What I'd thought happened:

What I now see actually happened:

The salient point: she never cheated on me.
She. Never. Cheated.
The fuel for my rage: never needed to have existed
And Winnie was the spark.
I have a saying: I don't like wasting my personal energy on doing certain things -- like a grudge, or being angry -- if I can think of a better use for it.

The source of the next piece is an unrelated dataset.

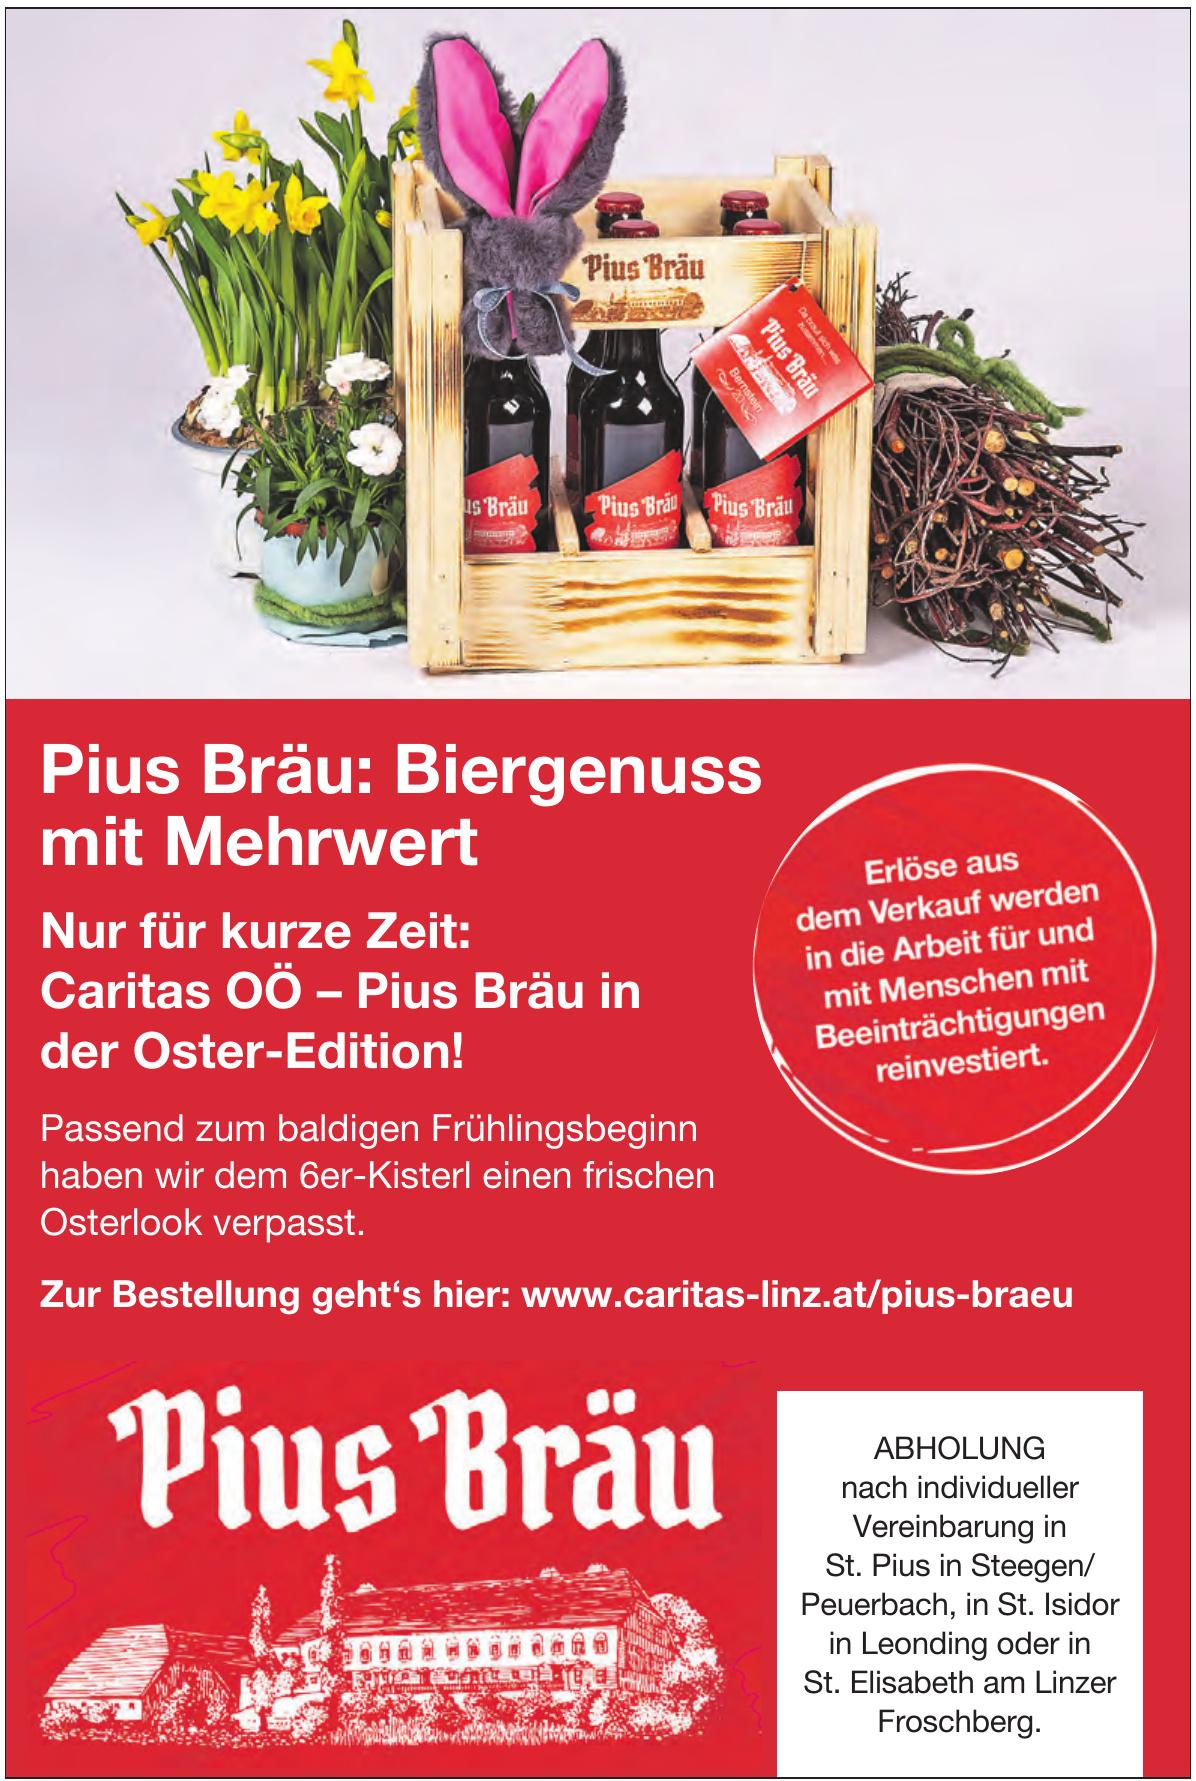 Pius Bräu
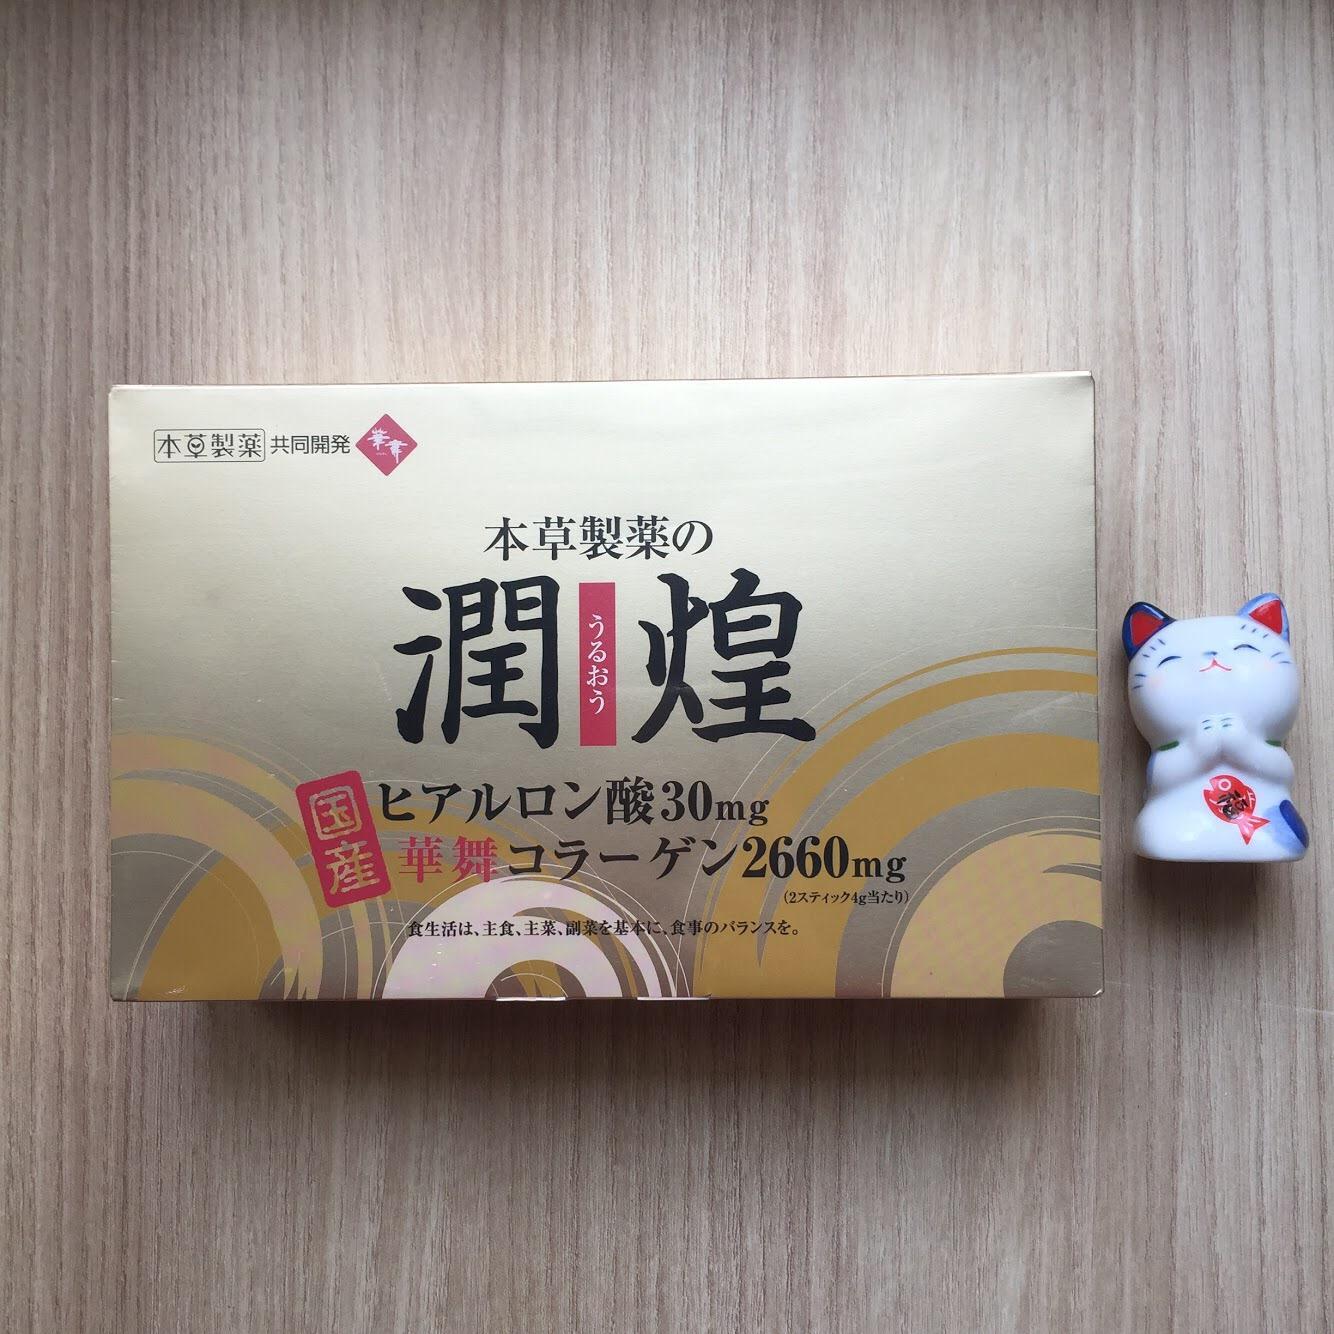 Ôn Tập Collagen Hanamai Gold Vi Sụn Nổi Tiếng Nhật Bản

Winnie is a very personal exception.
I collect friends, I like people being in my life. I rarely like losing them. But to date, I can count the number of people I counted once as friends, whom I've so utterly cut ties to and salted the earth of our relationships, on one hand. Winnie is one of them.
Winnie, as it turns out, was the sole source of misrepresenting to me exactly the details of 1997. Implying that anything that happened with Tiana in her own personal life, that happened while we were on a break, actually happened while we were still together.
Further, not only did she misrepresent when that happened, she basically revealed to me things that Tiana had told her in confidence -- as far as I can determine, specifically to sow discord between the two of us. Or something. I don't know and will never know because she is Order 66'd from my life.
But the fact stands: because Winnie decided to twist facts, and present them to me as truth, and edit the timeline of when things happened... for 25 years I was unfairly convinced that Tiana had cheated on me, leading to the immediate collapse of our relationship, to my memory holes, to my history of losing my mind and not trusting people....
Fuck you, Winnie. You were a good friend and you ruined and tainted me like you do everything you touch.
The irony of me talking about all of this, about things that should have been secret, and associating them with what happened in my life even pseudonymously, is not lost on me.
But I need to get it off my chest.
One person trusted incorrectly can ruin your entire life, and make you question pretty much every fucking damn thing.
I'm sorry for all the ill thoughts I had about you, Tiana, and the incorrect assumptions.
I like to say that I hate having my personal energy wasted on things that don't need it. I had 25 years of my personal energy wasted on a grudge that never should have existed.
And people wonder why my default mental mode is peppered with intrusive thoughts.